Álvarez Cascos sustituyó a Rafael Arias-Salgado y Blanco a Magdalena Álvarez, versos sueltos, uno y otra, si comparamos su modo de ser ministros con los métodos de trabajo de sus sucesores, disciplinados y exigentes ejecutores de políticas rigurosamente partidarias. Pedro Sánchez aterrizó en el poder con la lección bien aprendida y de entrada colocó en Fomento a su alter ego, José Luis Ábalos. Por si había dudas. Los tres, Ábalos, Cascos y Blanco se ocupaban del control de las miserias de sus respectivos partidos justo antes de ser nombrados ministros. Conocían mejor que nadie las cuitas internas y las cuentas, no siempre confesables. Pero sobre todo conocían las urgencias. Control del partido y control de la inversión pública. Casualidades de la vida. O no.

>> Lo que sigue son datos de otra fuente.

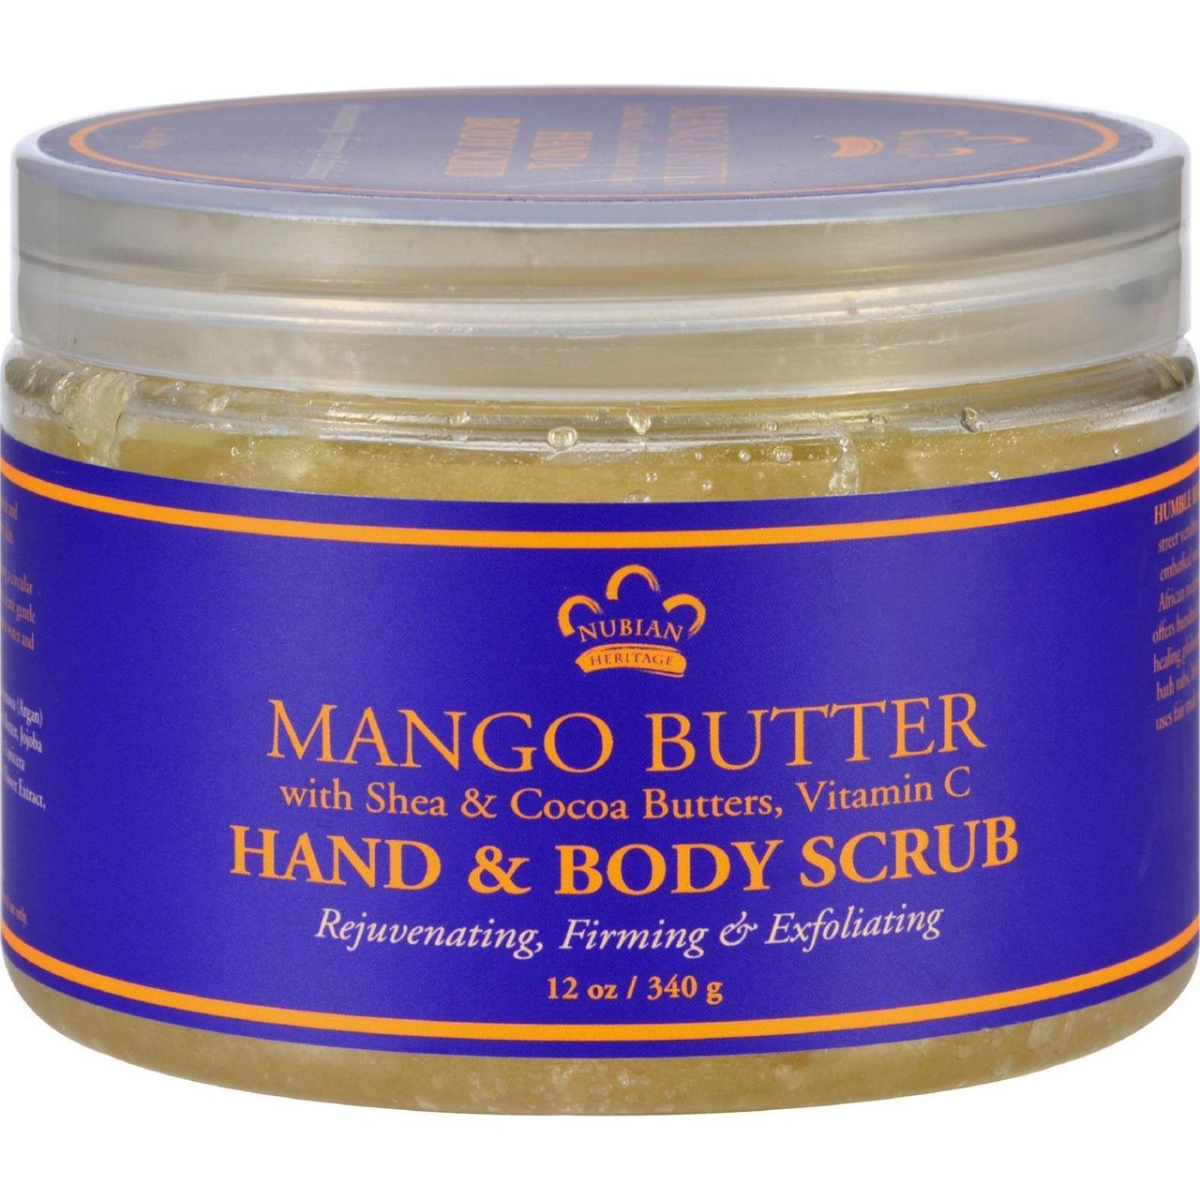 Hg1703032 12 Oz Hand & Body Scrub - Mango Butter

España seguirá siendo un país corrupto mientras no se actúe sobre la raíz del problema: la voracidad de unos partidos que se han apropiado del Estado desactivando sus mecanismos de control
Como apuntan José Álvarez Junco y Adrian Shubert en la introducción de la “Nueva historia de la España contemporánea” (Galaxia Gutenberg), uno de los rasgos más negativos de nuestro modelo constitucional es el sometimiento que PP y PSOE ejercen sobre el sistema; “la inexistencia de una auténtica división de poderes (dado el control o la fuerte influencia del Ejecutivo sobre el Legislativo y el Judicial)” y los consiguientes “problemas de financiación de estos partidos, que han originado casos de corrupción muy generalizados a nivel político…”.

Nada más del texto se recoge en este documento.